What have you struggled with?

I doubt myself a lot. I’m scared to fail. That’s how I am. It took a lot of coaching and mentoring from the older stylists to get in there and be good. The longer you’re in the business, you learn how to read people, and its a matter of connecting with the client. I just had to keep trying. It depends on my mood too. If a client comes into my chair doubting me sometimes I’m not in the mood for that and I just think, “Okay you’re just going to continue to doubt me.” If I’m in the mood I can kind of change how they think. It’s like a mental game. I don’t have a choice but to make it. My problem is self esteem and confidence, and I’m trying to target it. If I do then I can in turn make more money. Sometimes I feel like giving up, but I’m not going to give up just yet because I don’t really understand the full potential of this industry, and what I could do with it.

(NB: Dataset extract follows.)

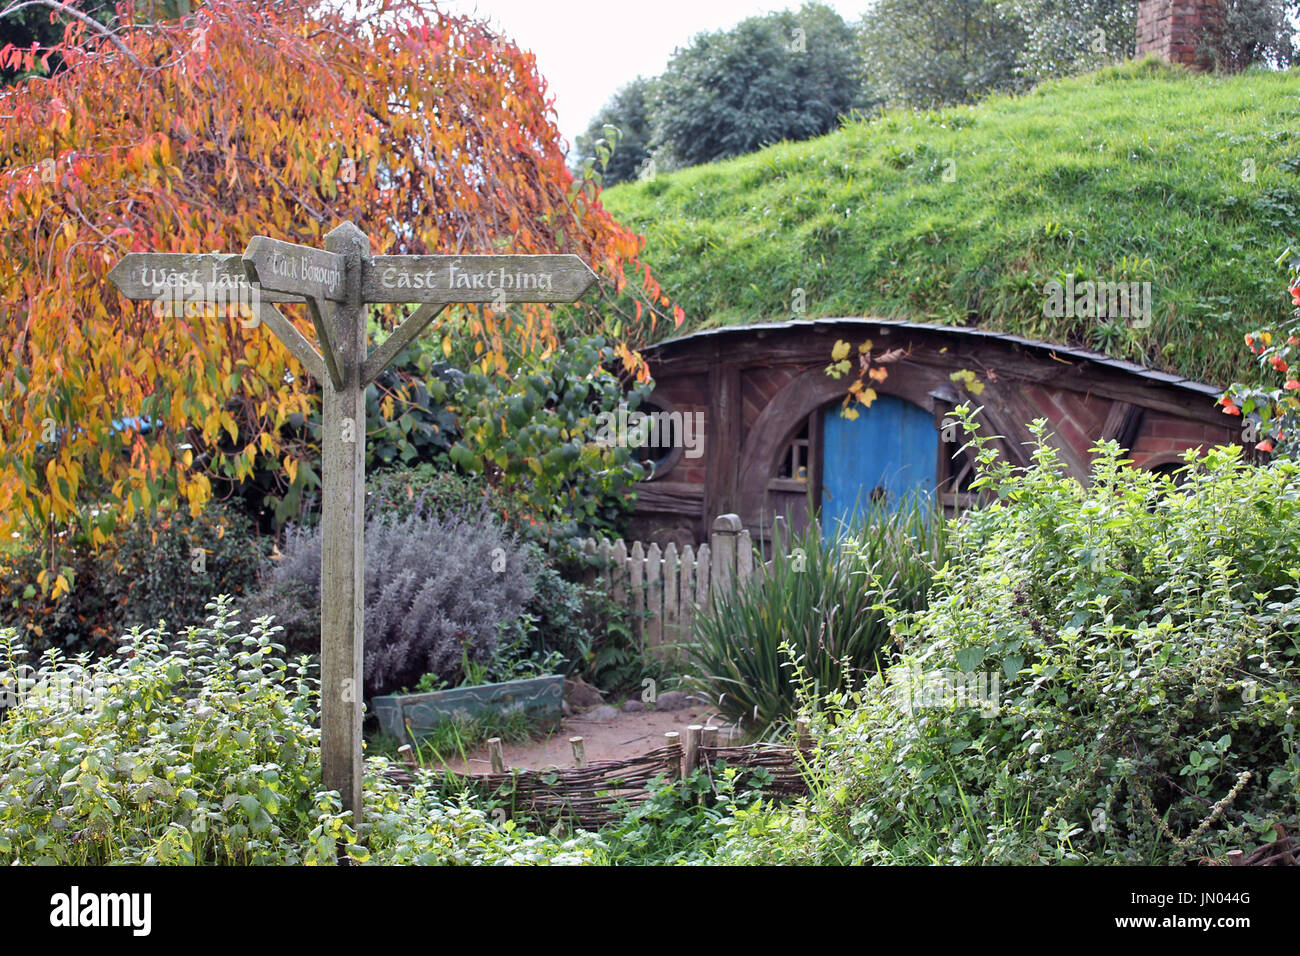 A Hobbit House from the Hobbiton Movie Set, as featured in the movie Lord of The Rings. Stock Photo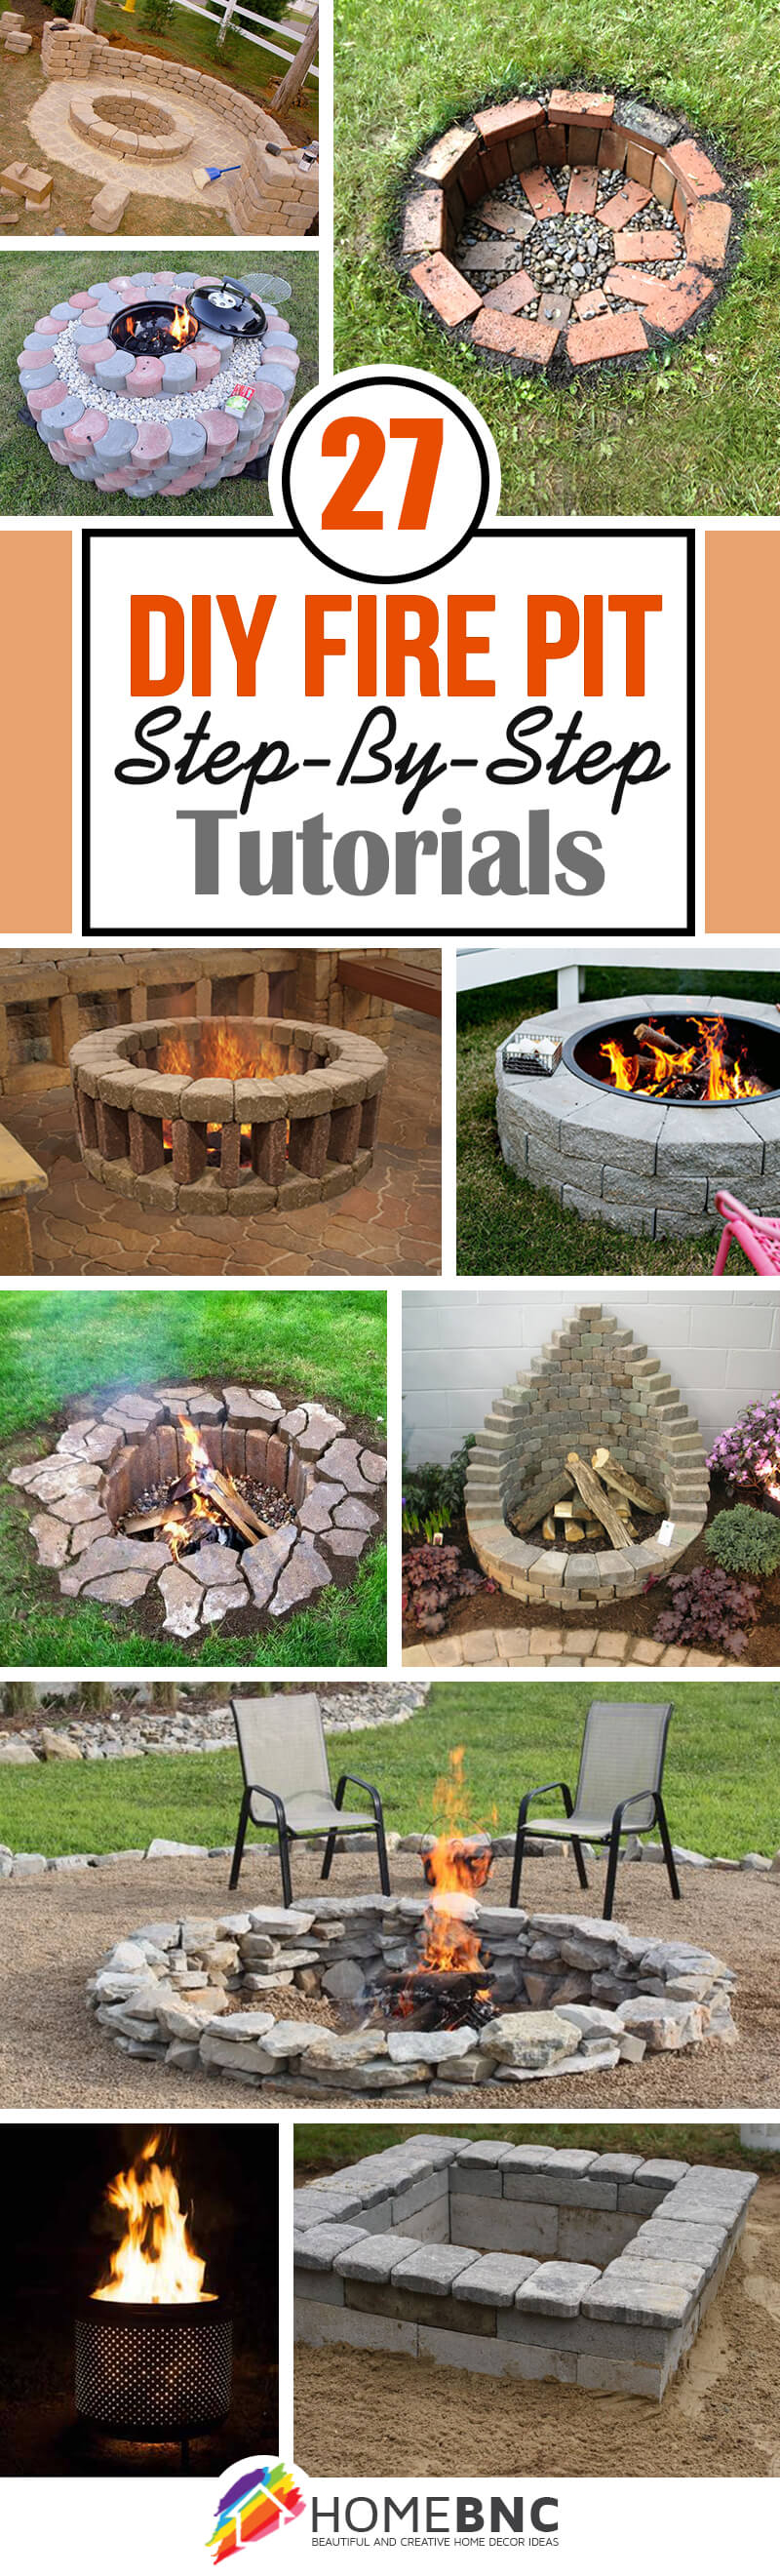 27 Best Diy Firepit Ideas And Designs, Build Your Own Gas Fire Pit Kit

How has your past shaped the decisions you make for your future?

I know some people give their kids up, but I could never do that because I’ve been abandoned by my mom, and I know what that’s like. I had a rough upbringing so I want to stop that whole cycle of bad parenting and a bad lifestyle. It inspires me. I’m in this world by myself, my dad passed away of lung cancer, and my mom’s not there. I have no excuse to just sit back and wait. I think what really drives me was watching my dad die of cancer. It scared the hell out of me. The way I live my life now is to do as much as I possibly can each day because that could be me. If I don’t get anything accomplished in a day, I feel horrible. I feel like there’s always so much to be done.

What would you tell people in your situation?

I would tell them to look on the bright side, and don’t give up so easily. I know it sounds like a cliche, it’s true. Things don’t come easily, and you’ve got to work towards it. I started from the bottom, now I’m here (laughs). Not exactly where I want to be, but I’m working towards it. [I started out as a receptionist not knowing anything at all, and now I’m here, I’m the assistant.] I’m above the ladies that were here. I take a little bit of good from everybody and I make it my own thing. It’s all about being an individual. You can’t be afraid of failure. That’s something that I’ve learned. [I was afraid of failure.] I got a job in Georgetown at a [blow] dry bar. I wanted that job more than anything, and my struggles got me fired. Me being late to work was a major issue. I was homeless, living in a shelter, and dealing with domestic violence. I was at my all time low. When I got fired from that job I wanted to give up. I felt like I wasn’t good enough, and that’s why I came into this job with very little confidence and no self esteem. I came here and I was failing, I was continuing to fail. I almost lost my job because I couldn’t get my license. I ended up making it.

I learned that sometimes failure is a good thing, and you have to work through it and not let it stop you. The only place you have to go is up. If you fail that’s okay. It’s a discovery, you can learn from it.